Опять рогот, свист, все рады, я тоже смеюсь, пока не оказывается, что в караоке пели все, кроме меня. И мне нужно идти на сцену.

— Я? — пьяно улыбаюсь. — Да ни за что! У меня ни голоса, ни слуха.

— Правила есть правила! На сцену! — Жека и слушать меня не хочет.

— Ника, не ведись! — смеется Мэтт. — Ты ничего им не должна.

И именно эти слова поднимают меня со стула.

Едва я выхожу на сцену, еще темную, Лис хватает меня за руку и утаскивает за портьеры.

— Надень это, — говорит он неожиданно трезвым, удивительно серьезным голосом и протягивает мне два пакета. — Надень. Так надо. Это для Матвея, потом сама поймешь.

Но сейчас я ничего не понимаю. Стою, хлопая ресницами, и смотрю на что-то красное в пакете. Во втором — какая-то коробка.

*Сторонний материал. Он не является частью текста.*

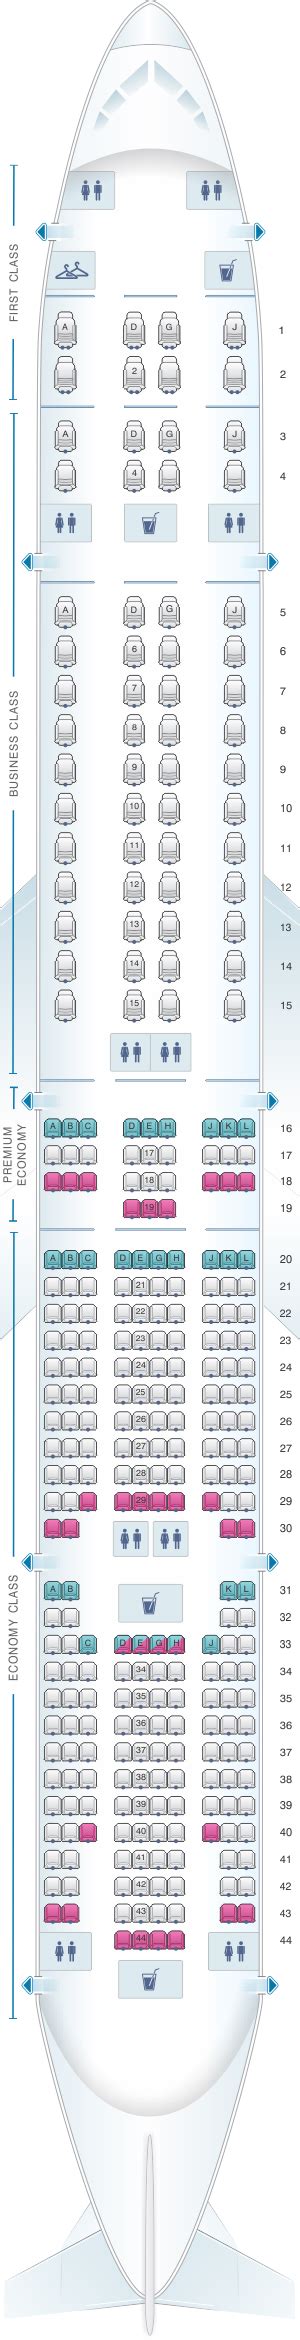 Boeing 777 300er seat map american airlines. 43G. this seat may have limited recline. this seat is near the galley. 44G. this seat has extra legroom. no underseat stowage. no under-seat stowage during takeoff and landing. traytable in armrest means narrower seat. 33E.

Дергаюсь, когда на сцене зажигаются софиты, щурюсь. Что происходит?.. Но ощущение такое, будто я уже не властна над происходящим. Мне нужно просто отдаться течению этого вечера и посмотреть, куда оно меня занесет.

Переодеваюсь в короткое бархатное платье с открытой спиной. Сейчас оно кажется не красным, а рубиновым. Надеваю черные туфли на каблуке.

Это точно происходит не со мной.

Слегка неустойчиво выхожу на центр сцены к микрофону. Свет бьет прямо в глаза. Я прикладываю ладонь козырьком ко лбу, но все равно толком не могу ничего рассмотреть, кроме трех темных фигур, сидящих на стульях недалеко от сцены.

Аплодисменты, улюлюканье, задорный свист — группа поддержки у меня мировая!

Над головой вспыхивает экран, до этого незаметный в темноте. Начинает звучать музыка, очень знакомая, но я понимаю, что за песня, только когда на экране появляются слова.

Да блин!.. Как такое спеть?!

Но слога в тексте уже подсвечиваются и, второпях догоняя музыку, я пытаюсь вытянуть: «В конце туннеля яркий свет слепой звезды…»

Мамочки…

В тональности солистки «Города 312» я даже не пробую петь, пытаюсь нащупать свою.

— Хорошо! Хорошо! — громко поддерживает меня Лис, и я чувствую себя чуточку увереннее.

— Давай, умница! — кричит мне Жека, между прочим, оперный певец.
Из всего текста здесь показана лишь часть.